◆ **DIRECTIONS FOR THIS TASK**: Without the images, print every line of the material below exactly as given.

◆ **DATASET EXTRACT**:
■ ■ ■ ■ ■
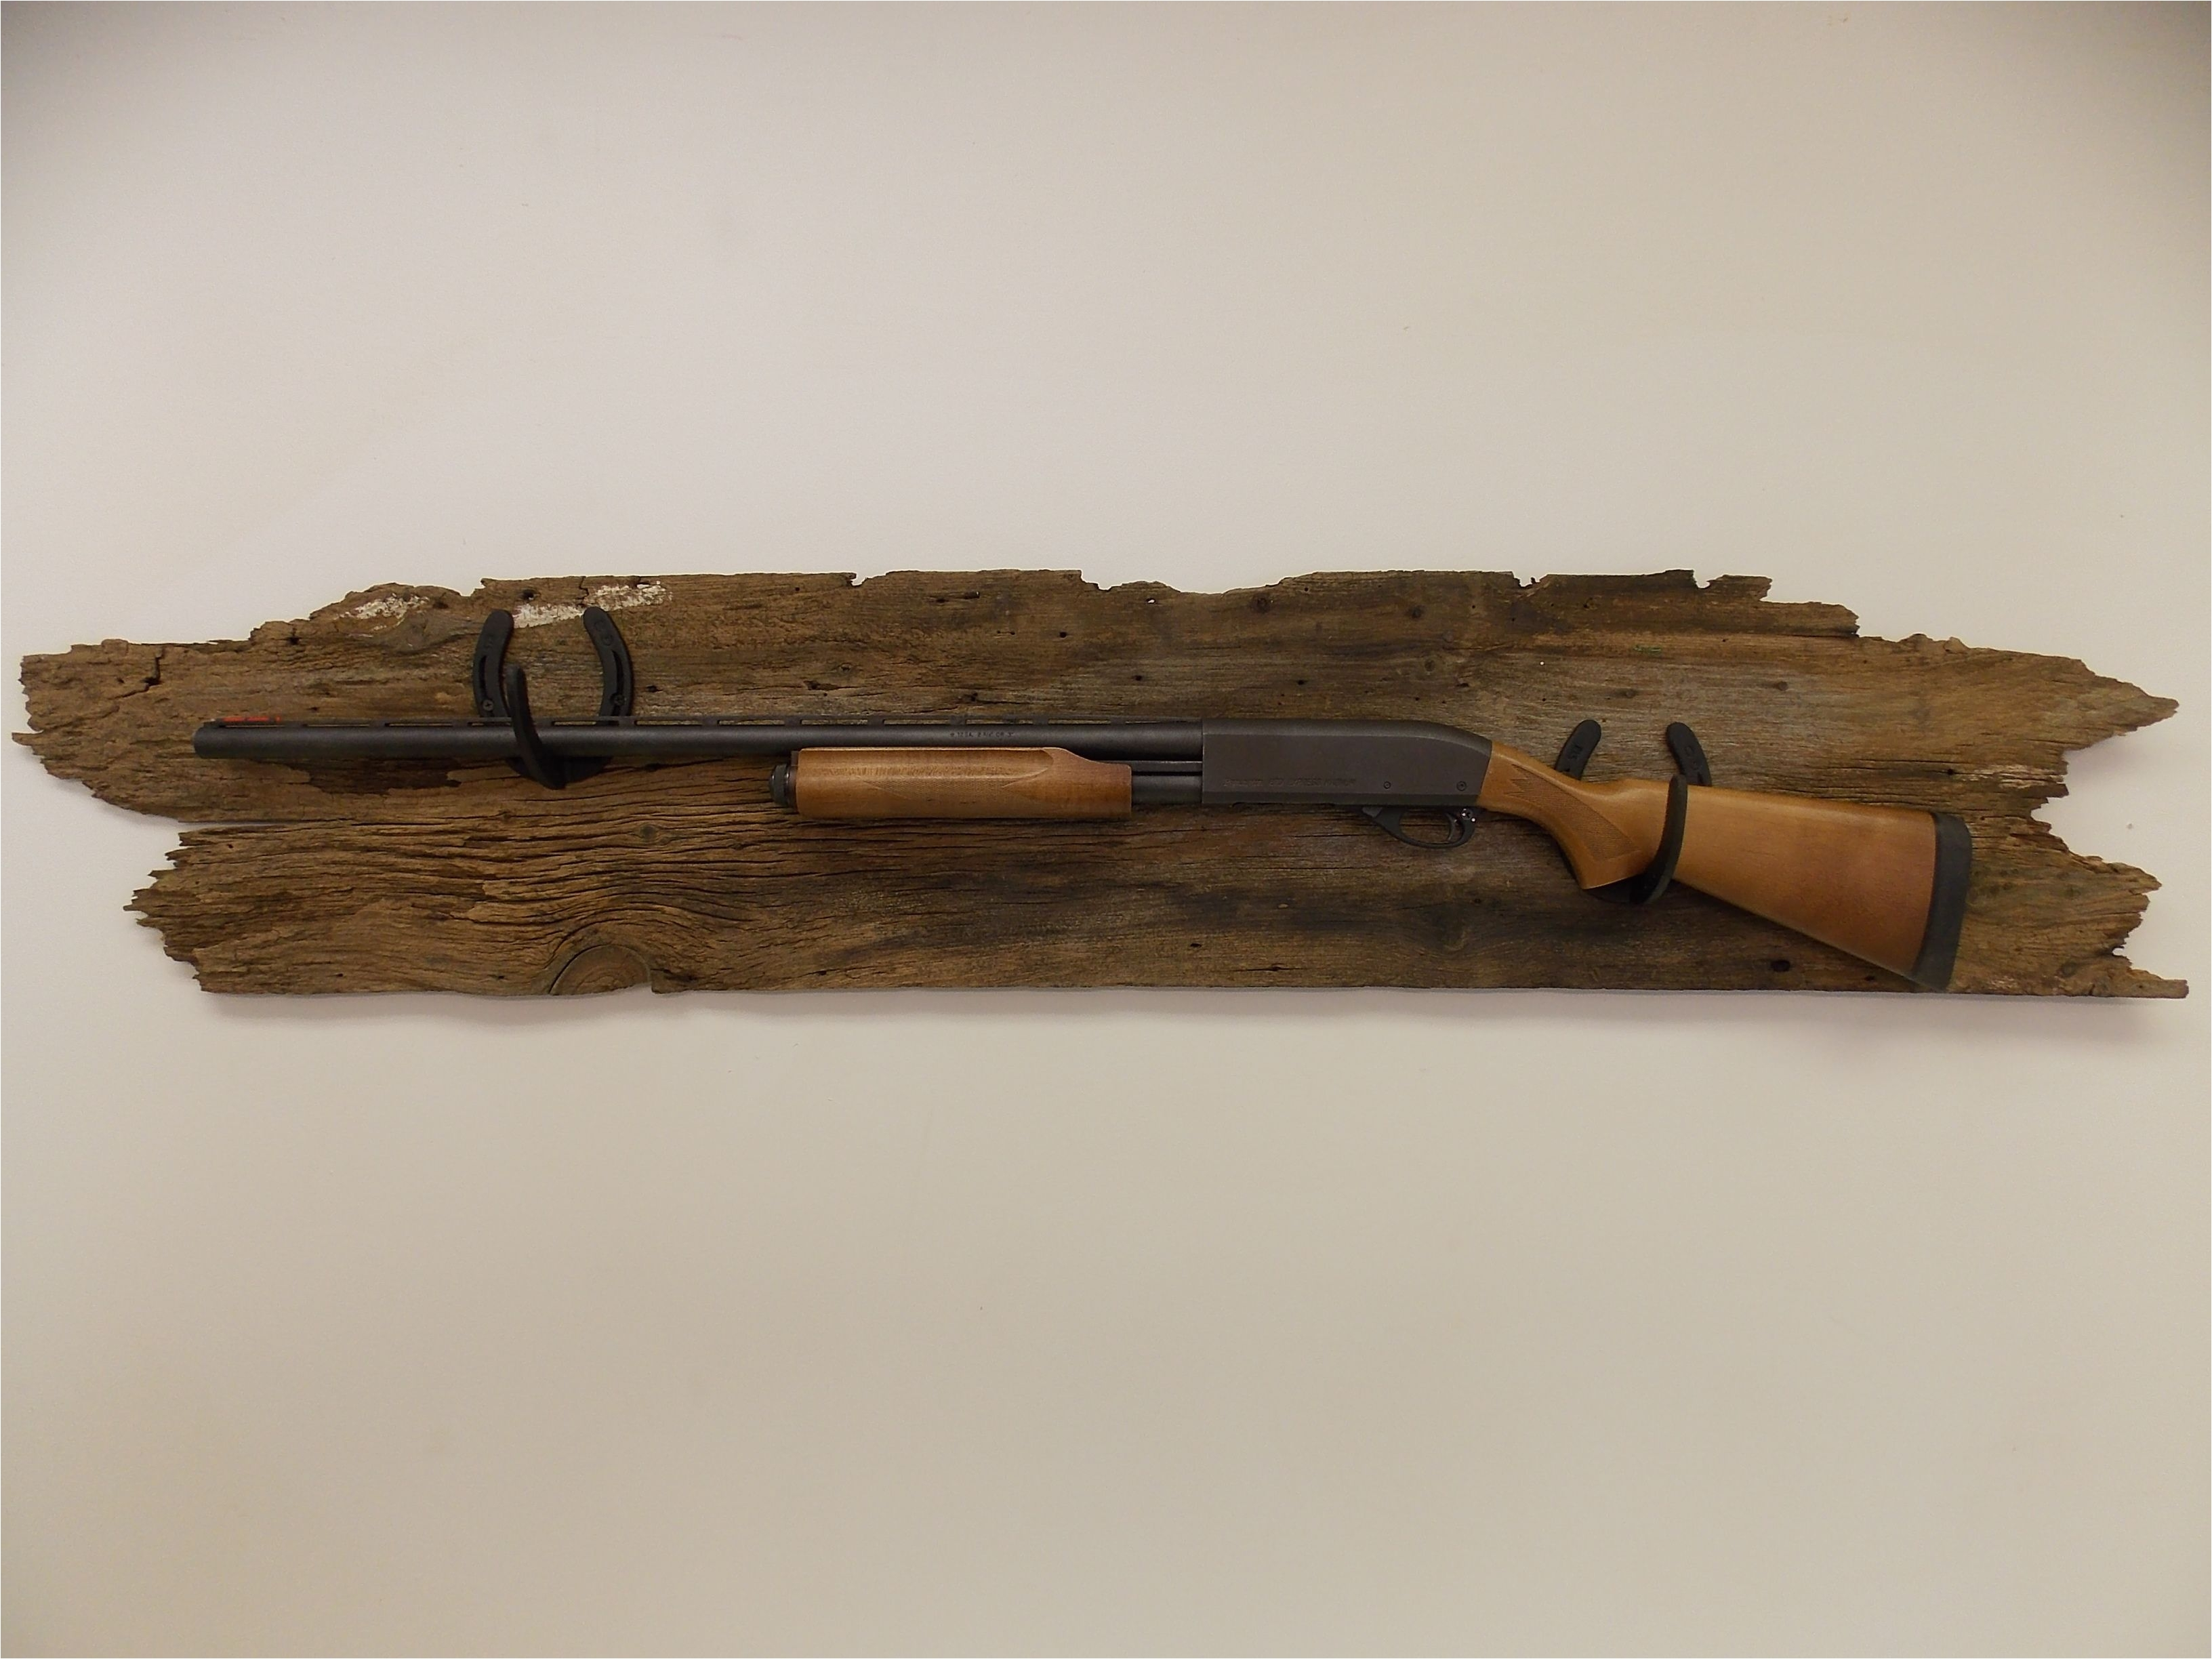 Wood Gun Rack Plans Free Gun Rack Made From Horseshoes Great Idea for My Shotgun that Was
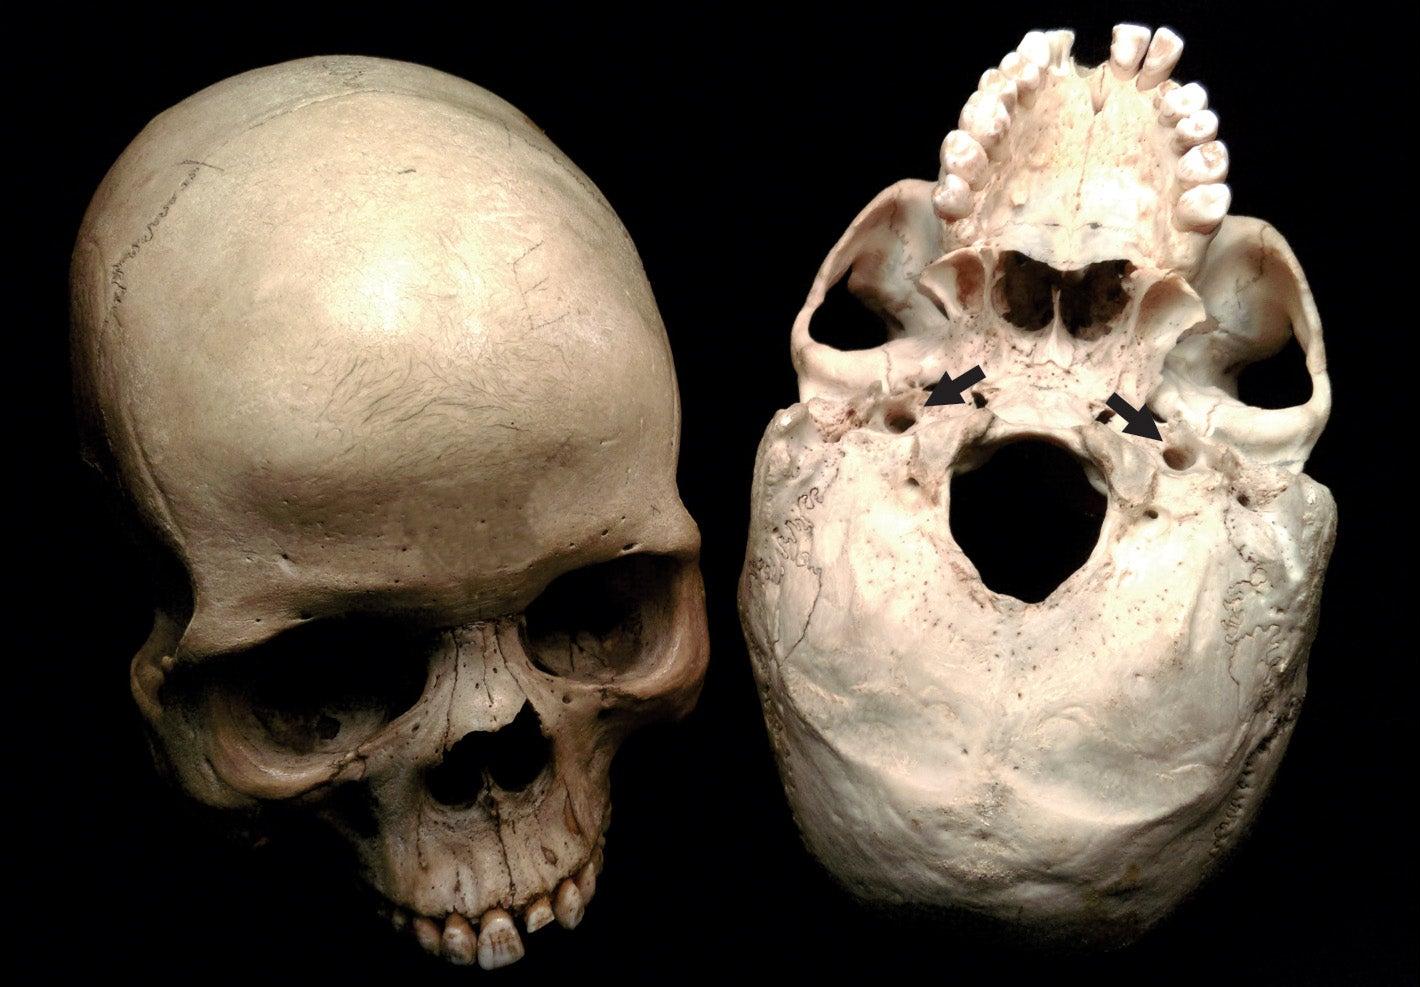 Blood-Guzzling Brain Key To Evolution Of Human Intelligence
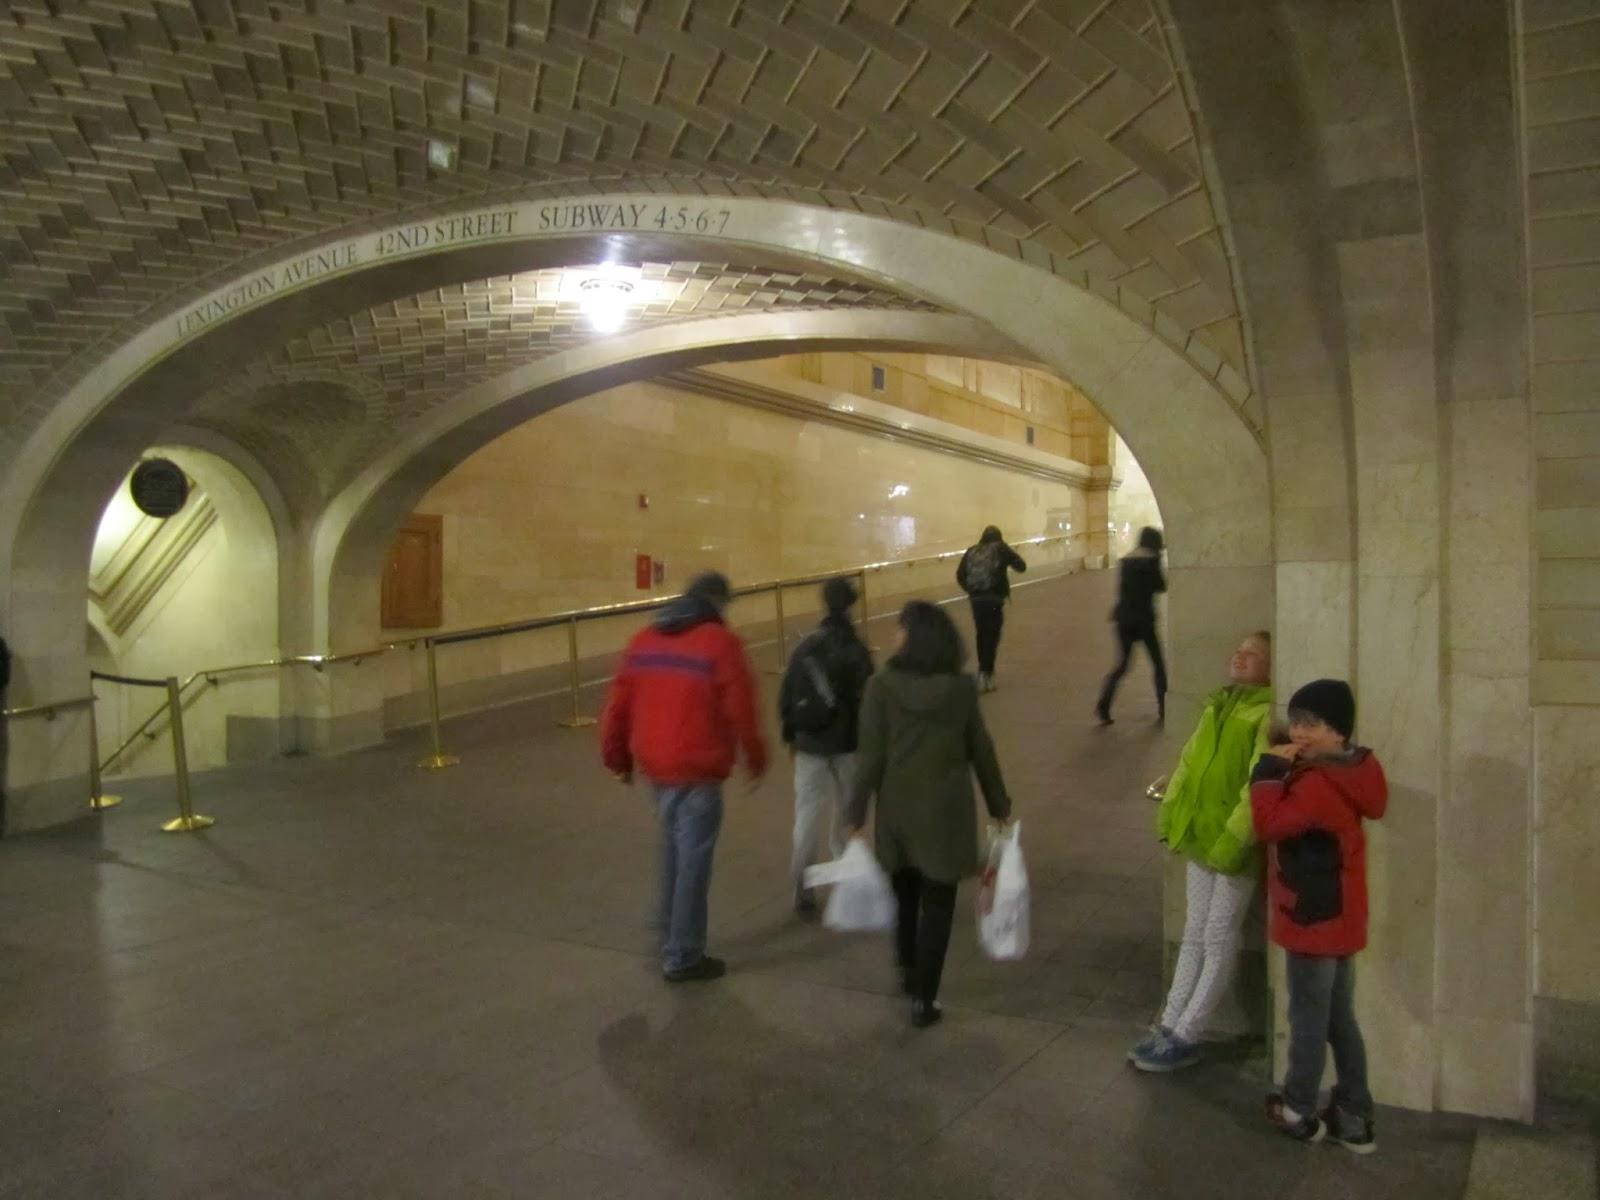 new york city, subway station, kids
■ ■ ■ ■ ■
◆ **THE ANSWER**:
 Wood Gun Rack Plans Free Gun Rack Made From Horseshoes Great Idea for My Shotgun that Was
 Blood-Guzzling Brain Key To Evolution Of Human Intelligence
 new york city, subway station, kids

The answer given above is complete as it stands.